Architecturally speaking, the three most common buildings in Russia are
1) a pale yellow Greek Revival number with columns and pediments 2) a ten story apartment building that's seen better days, and 3) a single-story hand-hewn wooden country house with blue and white decorative shutters and lace curtains.
All the cities we visited had their own vibe, but every city had some of the above.

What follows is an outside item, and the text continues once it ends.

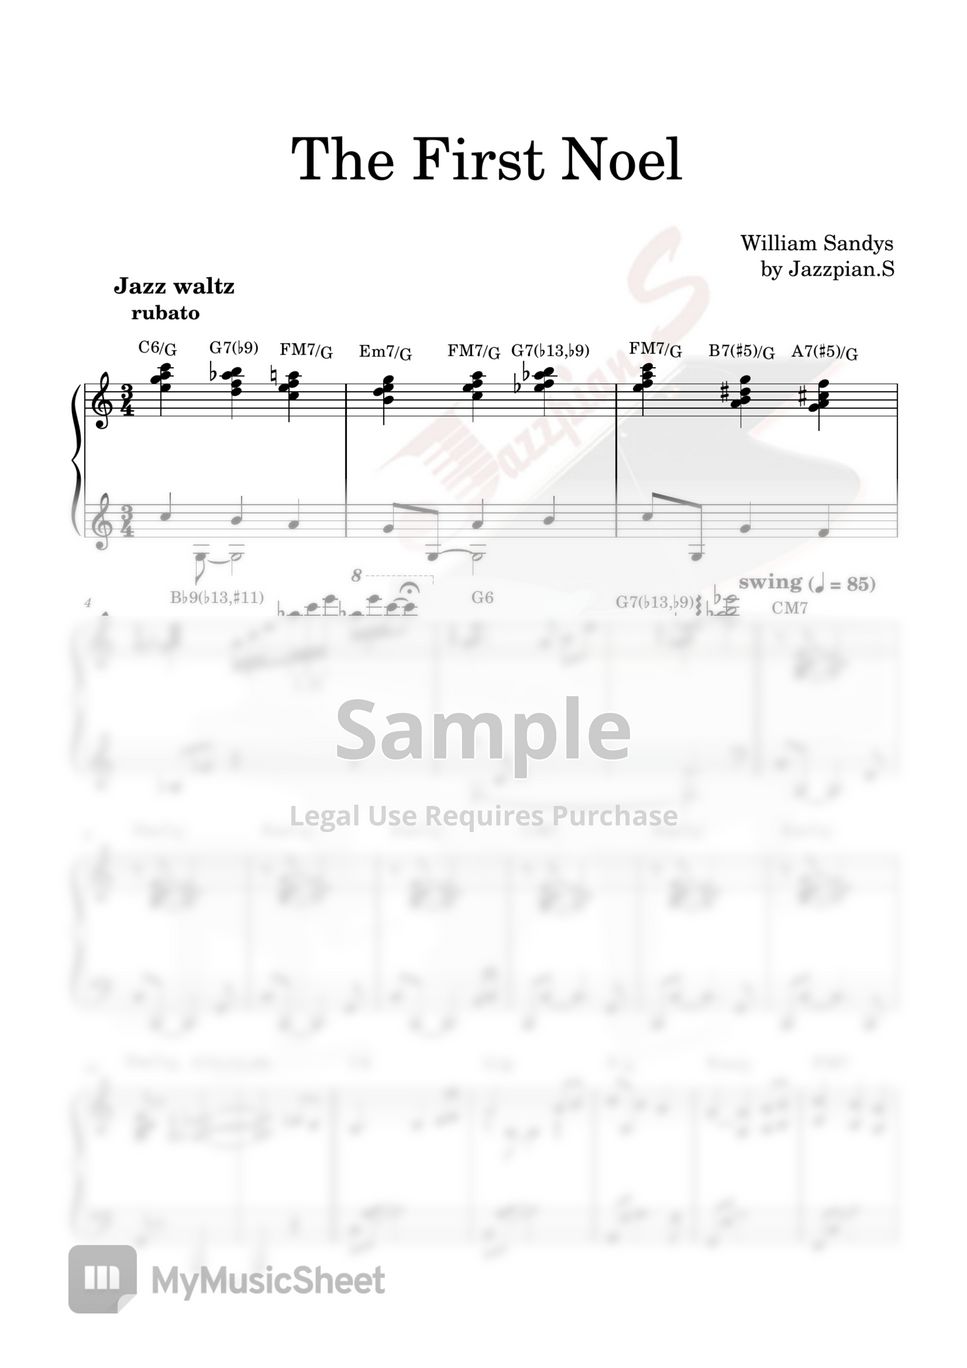 William Sandys - The First Noel (Jazz waltz) by Jazzpian.S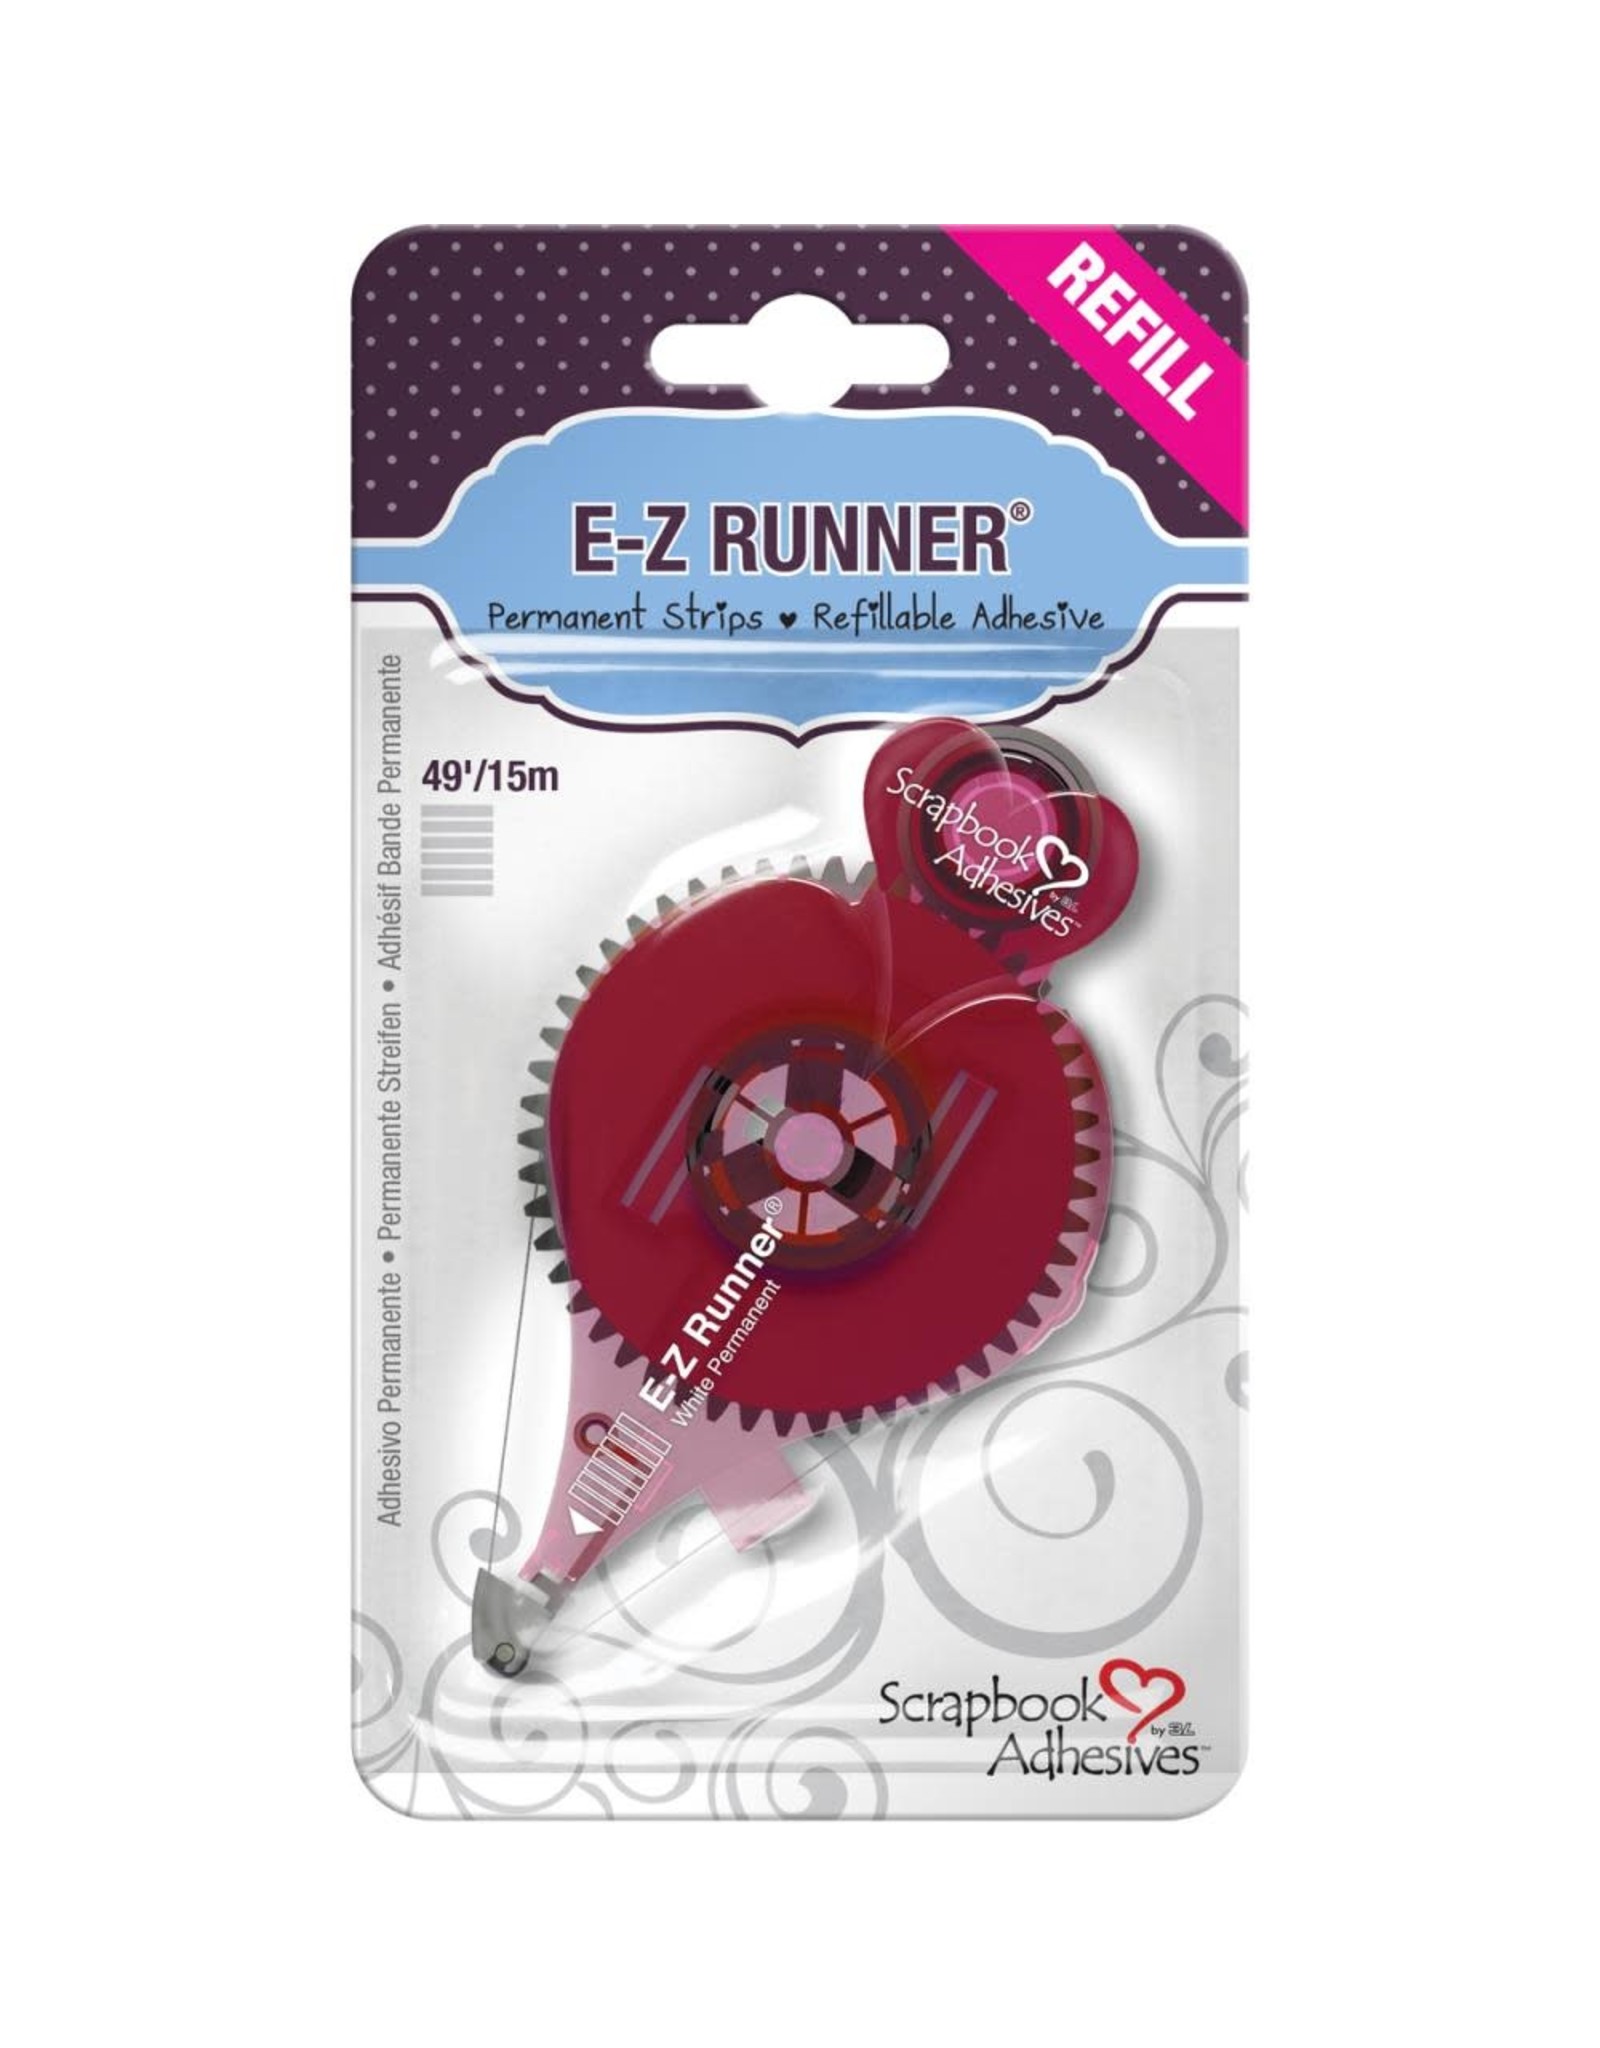 3L SCRAPBOOK ADHESIVES E-Z-RUNNER 49' STRIPS REFILL FOR 01200 RUNNER

In the infrastructure category, our runaway favorite was the above-ground utility pipe. We saw mile after mile of insulated pipe running alongside major roads or snaking through residential neighborhoods. We couldn't tell if the pipe carried gas, water, heat or what. Since everything in the States is buried except telephone wires, to our eyes it was wonderfully strange. Our soundman John would announce new sightings on the bus: "Got some good pipe over here!"
Did I mention pretty girls? Speaking entirely from an objective sociological perspective, we were impressed: doll-like faces, insane knee-high boots, appropriate diet. It's easy to imagine God forging an agreement with Russia's ancient tribal leaders.
GOD: Things are gonna be rough, guys. It's gonna be cold and your history will be filled with tragedy and sadness- but no matter what -- you'll have beautiful wom…
RUSSIANS: We'll take it!
Landscaping hasn't really caught on in Russia just yet. There's some evidence of it, but not much. Kazan was a particularly tidy place. The streets were clean and neat and reminiscent of what we're used to in the West. Moscow and Yekaterinburg also had some handsome areas. But for the most part, there's a bit of the village in a typical Russian city. And the villages have mud streets. It'll be a while before Samara's mistaken for Amsterdam.
If exploring a new country is akin to meeting a new girlfriend, Russia's that girl you'd like to love -- but there are some obvious problems. For instance:
The hotel in Moscow was nice…but we couldn't get room keys until reception ran our passports through a police check. It took two-and-a-half hours to determine we weren't terrorists or prostitutes. If there hadn't been a bar in the lobby, surely Mik and Lou would've perished.
We traveled on a pretty nice bus…but the roads in Russia are worse than the worst you've ever seen.
Our hosts worked really hard to please us…but getting straight answers on any subject-such as flight times and availability--seemed next to impossible. We'd make plans to catch a 10am flight only to be told the next day that all the flights were full and they didn't leave until 4pm anyway. Huh?
On the positive side, we consistently ate good food. I don't eat meat but I had some of the most incredible salmon I've ever had as well as some seriously great vegetable soup. Hot and tasty.